Model Weights (GB) = Parameters × Bytes per Parameter / 1,073,741,824

This is exact, no estimation involved. Each parameter is stored at the selected precision:

PrecisionBytes per ParameterExample: 70B Model
FP324260.8 GB
FP16 / BF162130.4 GB
FP8165.2 GB
INT8165.2 GB
INT40.532.6 GB

For fine-tuning use cases, additional memory is added for optimizer states:

  • LoRA/QLoRA: +0.5 bytes per parameter (adapter weights + optimizer for ~5-10% of parameters)
  • Full fine-tuning: +8 bytes per parameter (Adam optimizer: 4 bytes for momentum + 4 bytes for variance, both in FP32)

2. Architecture Estimation

When you select a model from our catalog, we know its parameter count. To calculate KV cache, we also need the model's internal architecture (layers, attention heads, head dimensions). We estimate these by interpolating between known architectures:

ParametersLayersHeadsKV Heads (GQA)Head DimHidden Dim
0.5B241616641,024
3B282481283,072
7B323281284,096
13B4040401285,120
70B806481288,192
405B126128812816,384

These anchors are based on published Llama, Qwen, and Mistral architectures.
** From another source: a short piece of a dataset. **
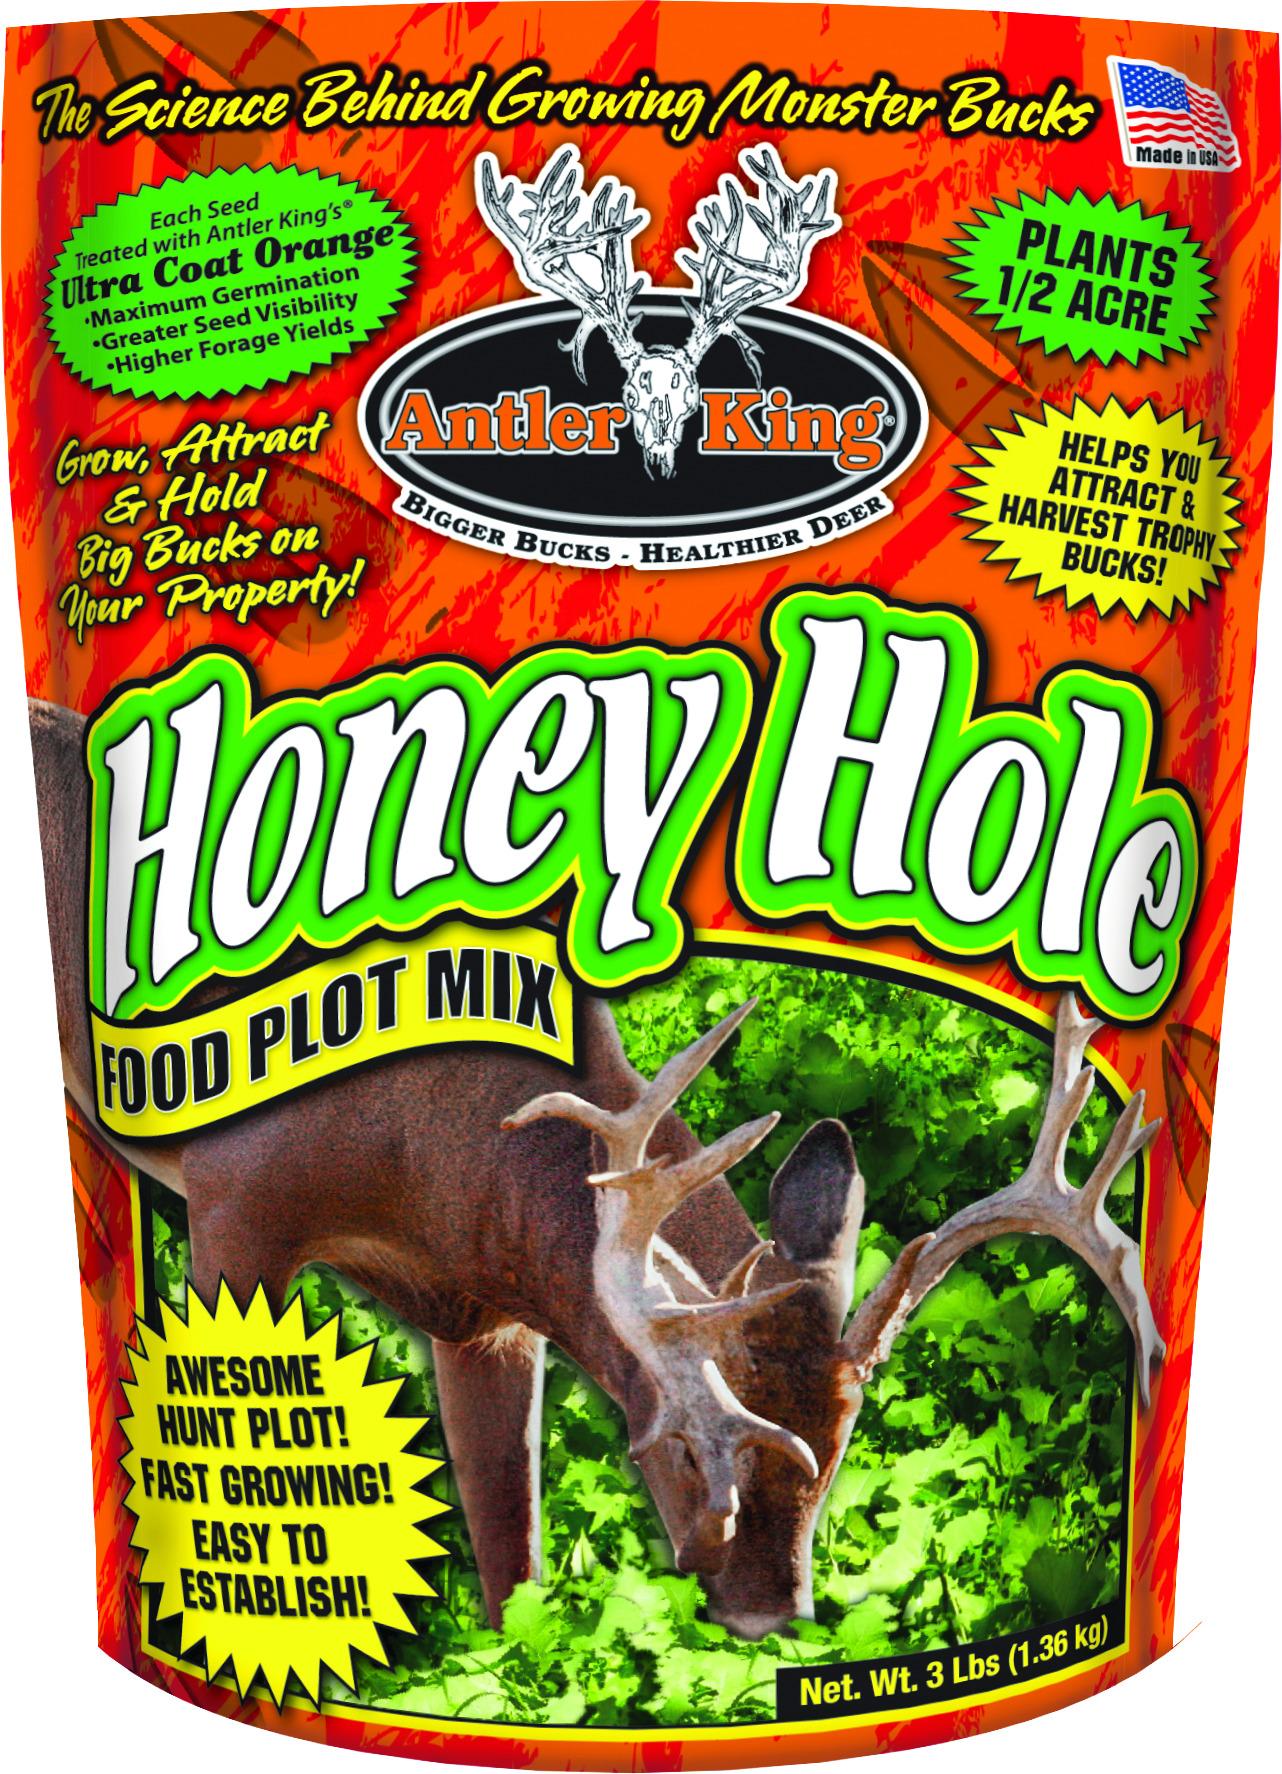 Antler King 3HH Honey Hole Food Plot Mix- 3lb bag covers 1/2 acre

For models between anchors, we interpolate linearly. Models above 3B use Grouped Query Attention (GQA) with 8 KV heads, which significantly reduces KV cache size compared to Multi-Head Attention.

Limitation: Non-standard architectures (Mixture of Experts models like Mixtral, or models with unusual head configurations) may have different actual values. The estimation is designed for dense transformer models.

3. KV Cache Memory

During inference, the model stores Key and Value tensors for every token in the context. This is the KV cache, and it determines how many concurrent requests your GPU can handle.

Formula:

KV Cache per Token (bytes) = 2 × Layers × KV Heads × Head Dim × Bytes per Element

The "2" accounts for both Key and Value tensors.
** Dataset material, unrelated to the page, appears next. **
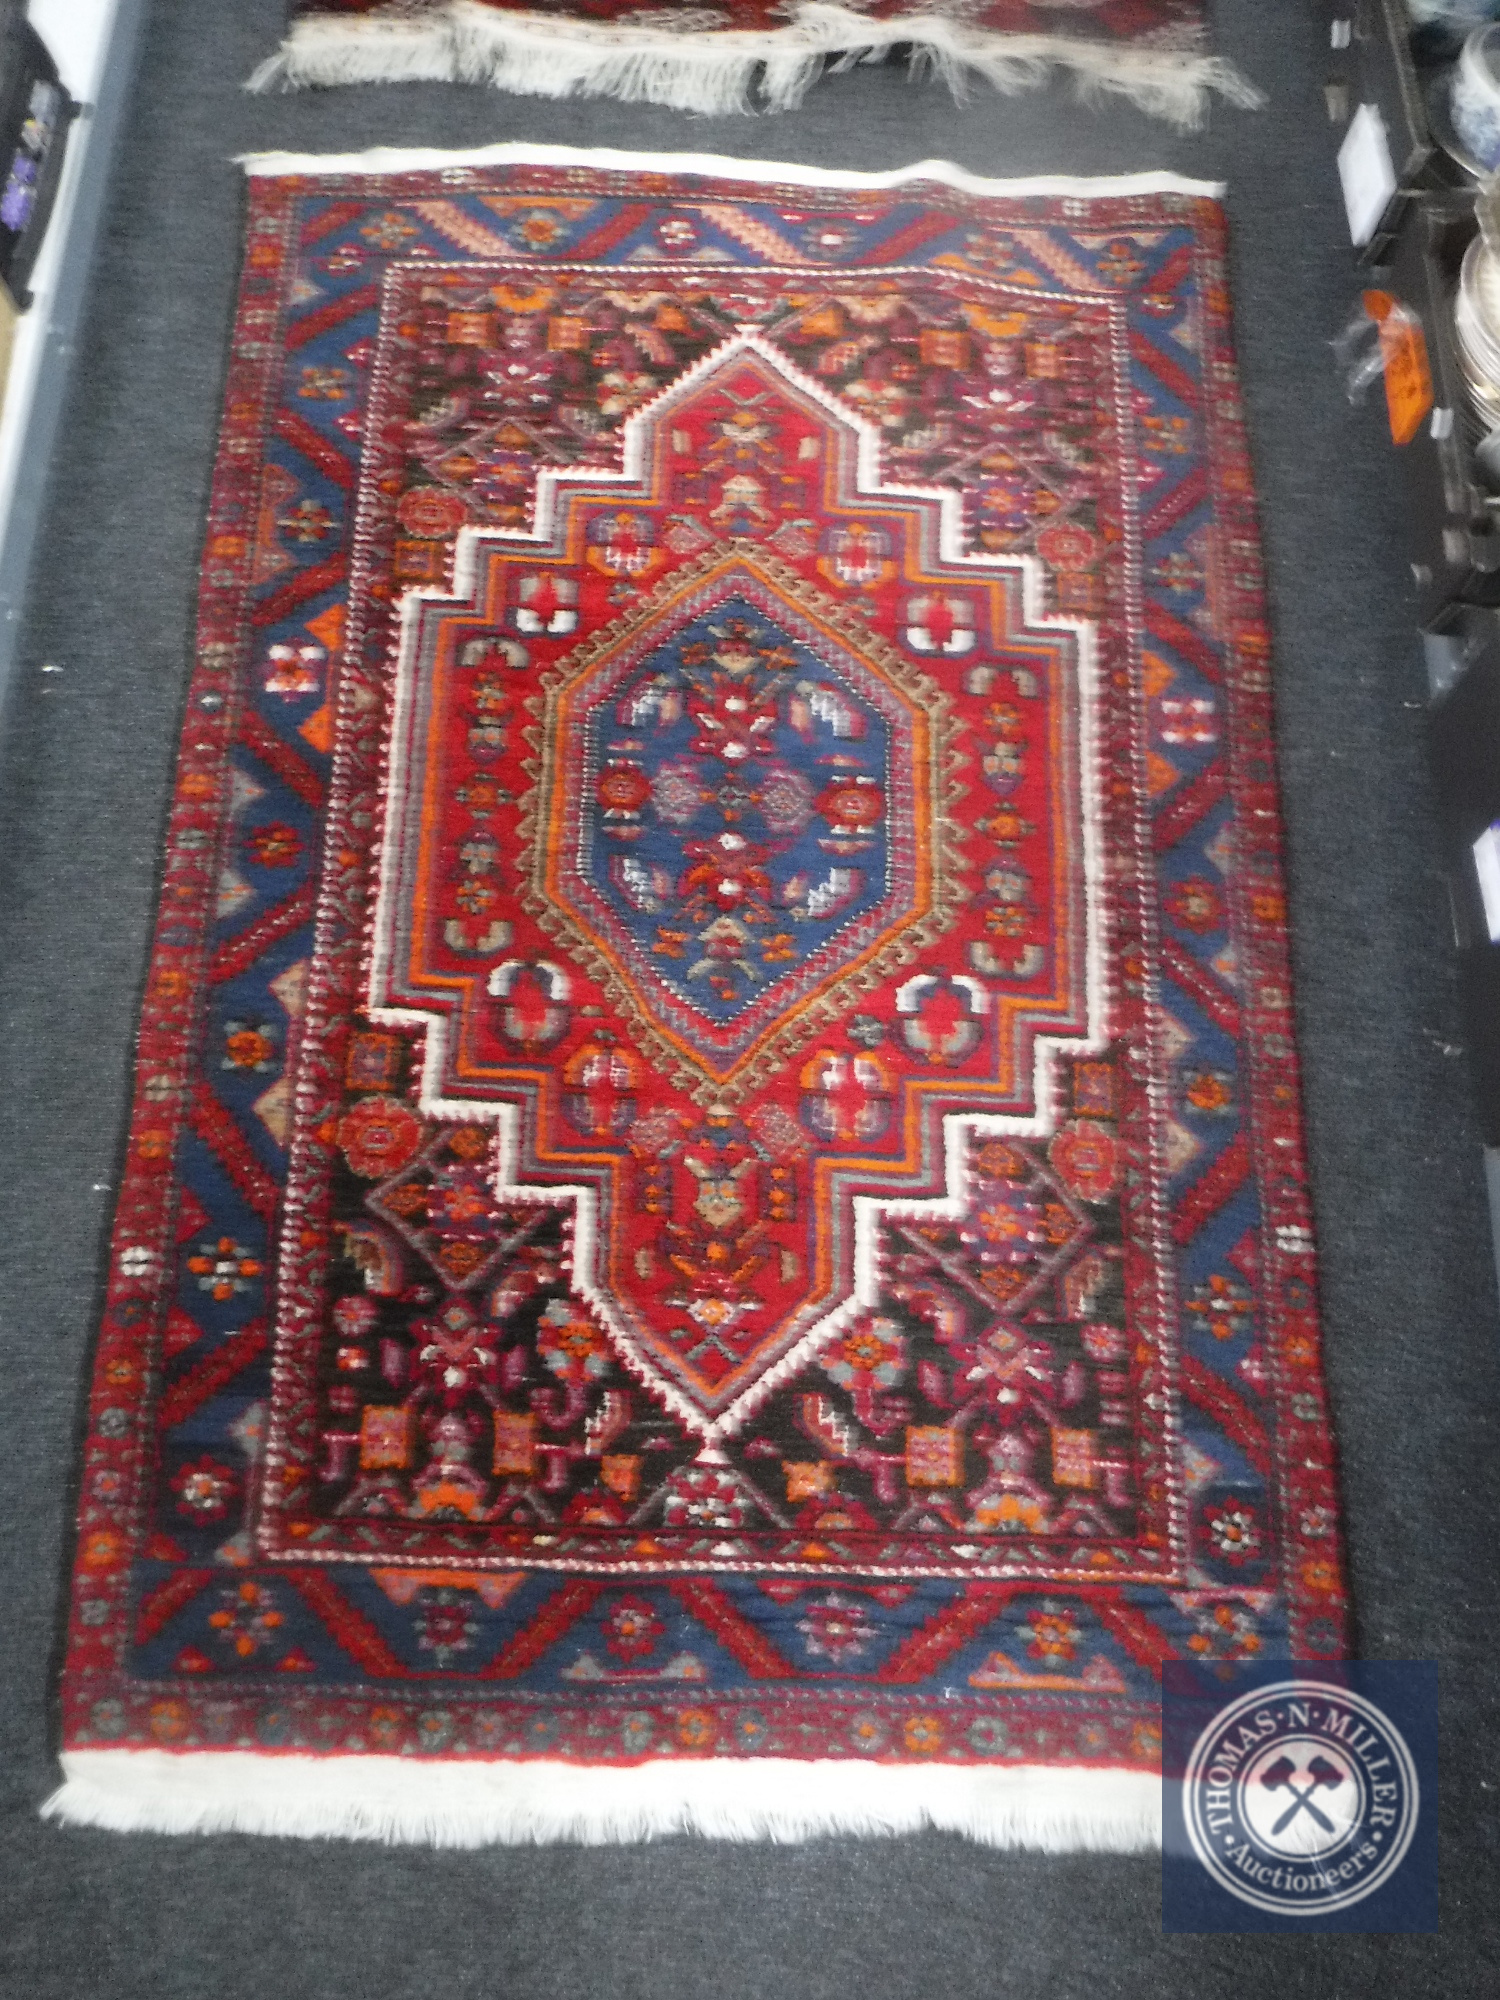 An Iranian Hamadan rug,

KV cache precision is independent of model quantization. By default, KV cache is stored in FP16 (2 bytes per element) even when the model weights are quantized to INT4. You can optionally select FP8 or INT8 KV cache precision to halve the KV cache size, if your framework supports it.

Per-request KV cache:

KV Cache per Request (GB) = KV Bytes per Token × Context Length / 1,073,741,824

Example: Llama 70B with 4,096 context length:

  • KV bytes per token = 2 × 80 layers × 8 KV heads × 128 head dim × 2 bytes = 327,680 bytes
  • Per request = 327,680 × 4,096 / 1,073,741,824 = 1.25 GB

This means each concurrent user adds ~1.25 GB of VRAM usage. At 128K context, this jumps to ~40 GB per request.

KV Cache Strategy

The KV cache strategy applies a memory efficiency multiplier:

StrategyEfficiencyEffect
Standard1.0×Pre-allocated contiguous blocks
PagedAttention0.85×Virtual memory paging, ~15% savings
Prefix Caching0.70×Shared prefixes across requests, ~30% savings

4. Activation Memory

Activation memory is the temporary VRAM used during the forward pass for intermediate computations (attention scores, FFN intermediates). For inference, these are transient, allocated during each step and freed immediately.

Formula:

Activation Memory (GB) = Model Weights (GB) × Activation Fraction

The activation fraction depends on the use case:

Use CaseFractionReasoning
Inference3%Transient per decode step, single token at a time
Batch Processing4%Slightly higher due to larger effective batch
LoRA/QLoRA15%Gradients for adapter parameters held during backward pass
Full Fine-tuning40%Full gradients + backward pass activations for all layers
Embeddings2%Forward pass only, no autoregressive generation

Why a percentage and not an exact calculation? Exact activation memory depends on batch size, sequence length, attention implementation, and framework internals. Modern frameworks (vLLM, TGI) manage activations dynamically through CUDA's caching allocator. The percentage is a conservative upper bound for the steady-state overhead.

5. Framework Overhead

Each serving framework has a baseline memory footprint for CUDA contexts, runtime state, tokenizer caches, and internal data structures.

Formula:

Overhead (GB) = (Weights + KV Cache + Activations) × (Overhead Factor - 1)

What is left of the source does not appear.